Payload	Production (20K)	Staging (10K)	Δ	KS p-value
5K chars	50.1s	35.6s	-28.9%	0.017*
15K chars	45.8s	37.0s	-19.2%	0.308
25K chars	116.2s	37.0s	-68.2%	<0.001*

Conclusion

Directional evidence strongly favors staging (10K threshold), especially at 25K chars (68% faster, d=-2.06, p<0.001). However, the 5K result shows an environment confound (staging is faster even where no parallelization benefit exists), and the critical 15K payload did not reach significance (p=0.31, n=15). Iterate: re-run with controlled environment and ≥30 trials.

Report: 2026-05-13-adr001-live-ab.md

ADR-007-010-pipeline — Pipeline Regression Experiment

Field	Value
ID	ADR-007-010-pipeline
Type	Regression Test
Target	`backend/handlers/graph.go`
Date	2026-05-12
Author	@coding-agent
PR	feature/experiment-adr007-010
Commit (baseline)	`e5d631ca266d22d1efd2bc9e6d0537c7a6f4b978`
Commit (experiment)	`dc1fbe51c83a020cdad6a99325d65a83076bf0c5`
Status	⚪ inconclusive — benchtime mismatch

Hypothesis

Merged ADR-007 + ADR-010 changes introduce no statistically significant regression in graph snapshot latency, graph traversal latency, or memory allocations.

Results

All 12 benchmark variants showed statistically significant improvements (2.15% to 10.69%)
Memory allocations: zero change (identical allocs/op and bytes/op across all variants)
However: baseline used -benchtime=30s -count=30, experiment used -benchtime=1s -count=10
The consistent improvement across ALL variants strongly suggests a benchtime artifact, not actual code improvement

Conclusion

Inconclusive. The shorter benchtime invalidates direct latency comparison. Memory analysis (valid regardless of benchtime) shows zero allocation changes — a positive signal.
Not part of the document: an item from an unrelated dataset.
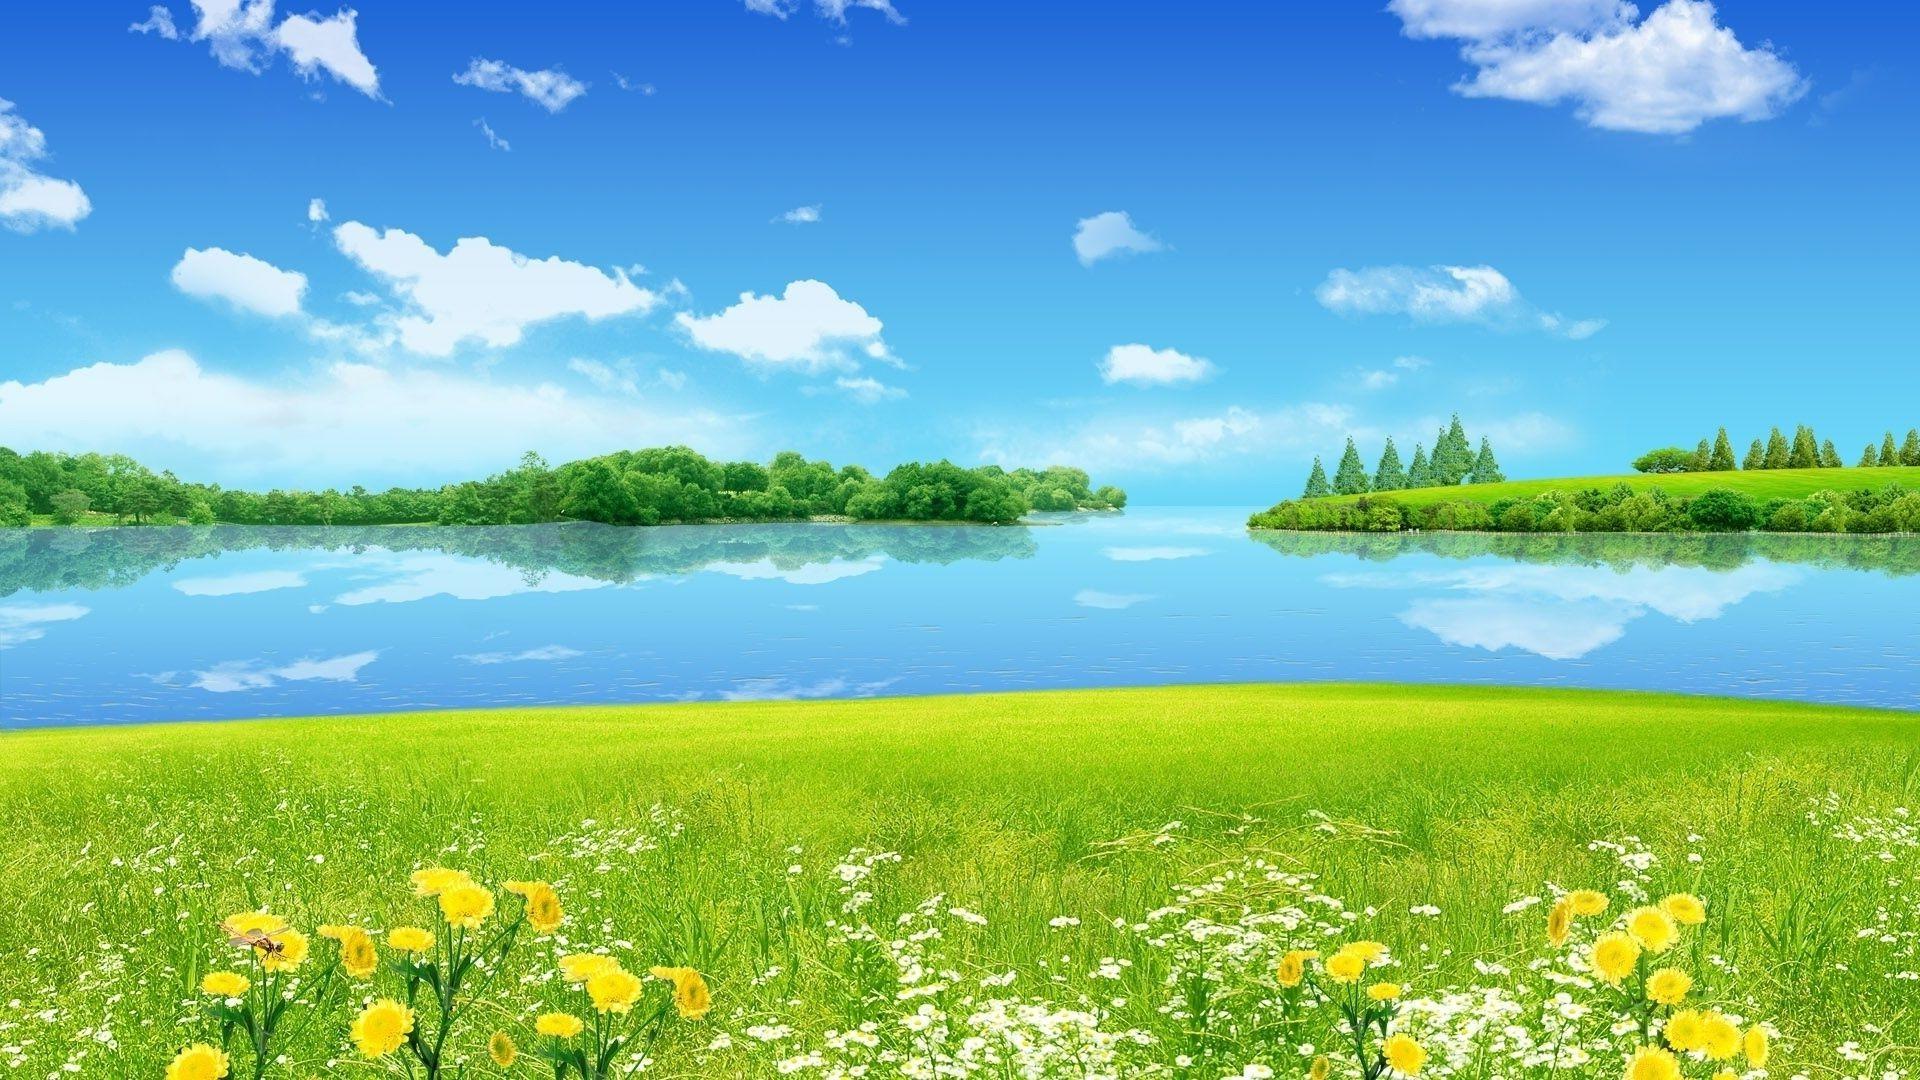 солнце лужайка березы  № 2741935 бесплатно

Recommended re-run with identical parameters.

Report: 2026-05-12-adr007-010-pipeline.md

EXP-001 — Meta-Experiment: Formalized Tracking Efficacy

Field	Value
ID	EXP-001
Type	Meta-experiment
Start Date	2026-05-11
Deadline	2026-05-25
Author	@team
Status	🟡 planned

Hypothesis

Formalized experiment tracking (ADR-009) will reduce the number of performance regressions merged to main by ≥50% compared to the 3 months prior, and will increase the rate at which performance questions are answered with data rather than intuition.

Success Criteria

≥50% reduction in performance regression incidents (counted as reverts or hotfixes due to perf)
≥80% of performance-sensitive PRs have a linked experiment report
Developer survey shows increased confidence in performance decisions

Methodology

This is a process meta-experiment. Over a 2-week trial period, all performance-sensitive PRs must comply with ADR-009. Data collected:

Count of performance regressions merged before/after
Count of PRs with/without linked experiments
Qualitative developer feedback

Report

Report file: EXP-001-formalized-tracking-efficacy.md (pending)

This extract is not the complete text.